Na mesma época, século XVI, surgiu a primeira forma de espartilho utilizada de forma a obter um perfil reto desde a zona do peito e do decote até à cintura, possuindo formas em V ou U. A sua estrutura era rígida devido aos materiais utilizados: madeira ou ossos de baleia. Ao contrário do espartilho esta primeira forma era parte do vestuário exterior, sendo ornamentado de acordo. Apesar de sair de moda durante algum tempo, quando o vestuário se tornou rígido novamente o espartilho reapareceu, desta vez com a missão de realçar o peito das senhoras e forçar a silhueta de ampulheta ao seu corpo. Este já pertencia ao vestuário interior, sendo necessário para o uso de vestidos da época e continuava a utilizar tiras de ossos de baleia para manter a sua estrutura afunilada. Como a maioria das mulheres possuía uma forma bastante diferente da imposta pelo seu espartilho, estes provocavam lesões na pele, fraturas nas costelas ou até danos internos aos órgãos nos piores cenários (Pendergast & Pendergast, 2004). O constrangimento do tronco provocava grande desconforto e até dificuldade de respirar, porém eram considerados essenciais para corresponderem aos padrões de beleza da época.

Colocando de parte os exemplos históricos, é possível denotar atualmente o uso de vestuário e calçado extremo, criando afirmações sobre a mulher e o feminino inseridos na sociedade contemporânea. Apesar do seu aspeto atraente, é ao mesmo tempo intrigante e inesperado, transferindo estas características para o seu utilizador e criando uma espécie de performance para os outros. Existe uma transição do normal para o extraordinário, destacando-se dos demais. O calçado, tal como os restantes itens de moda, encontra-se carregado de significados, escolhendo a mulher o par que se adequa mais à persona social que esta quer criar. Porém, relacionam-se diretamente com a pele da utilizadora, criam uma relação de maior proximidade relativamente a outras peças de vestuário. Posto isto, existe uma relação emocional entre a utilizadora e o seu calçado, a escolha de um par novo é um processo intimo (Catalini, 2015). O desejo de utilizar e exibir algo fora do comum, que suscite interesse, que quebre convenções, sempre foi um dos motores da moda, incentivando à constante inovação e à constante atualização dos consumidores. Na história recente, o calçado extremo tem sido criado e produzido principalmente de forma a demonstrar a criatividade do designer. São como esculturas vestíveis, que seduzem e dão poder a quem os utiliza, satisfazendo as suas fantasias e escapando à realidade (Catalini, 2015). São criados para marcar a diferença, se bem que

dentro do socialmente aceitável, fazer o utilizador se destacar e sobretudo fazê-lo sentir-se especial.

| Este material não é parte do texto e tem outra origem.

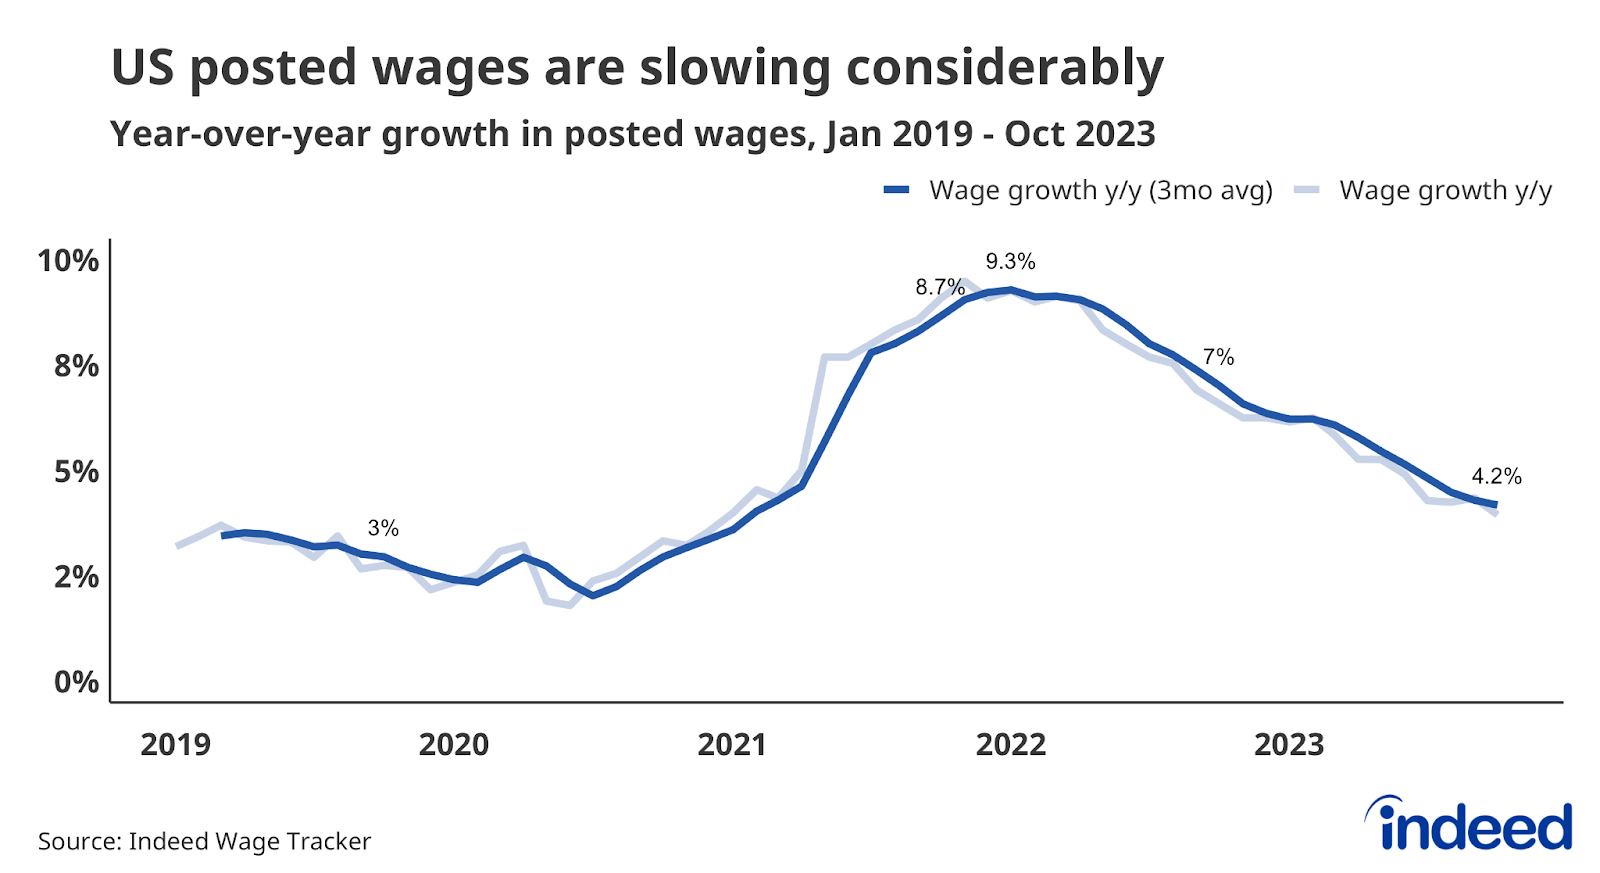 Line graph titled “US posted wages are slowing considerably” with a vertical axis from 0% to 10%. The graph covers from January 2019 to October 2023. It shows posted wage growth rising quickly through most of 2021 before peaking in January 2022 and declining through October 2023.

Apenas alguns exemplos são suficientes de forma a perceber que o ser humano, principalmente a mulher, está disposto a grandes sacrifícios em prol do sentimento de pertença e adequação, bem como a distinção positiva, a realização das suas fantasias. Porém, não é respondido o porquê de optarem por itens que colocam a sua saúde em risco, e em especial, porquê o salto alto ser o objeto prominente para esta manifestação. Resta investigar as motivações para este tipo de adoção de indumentária.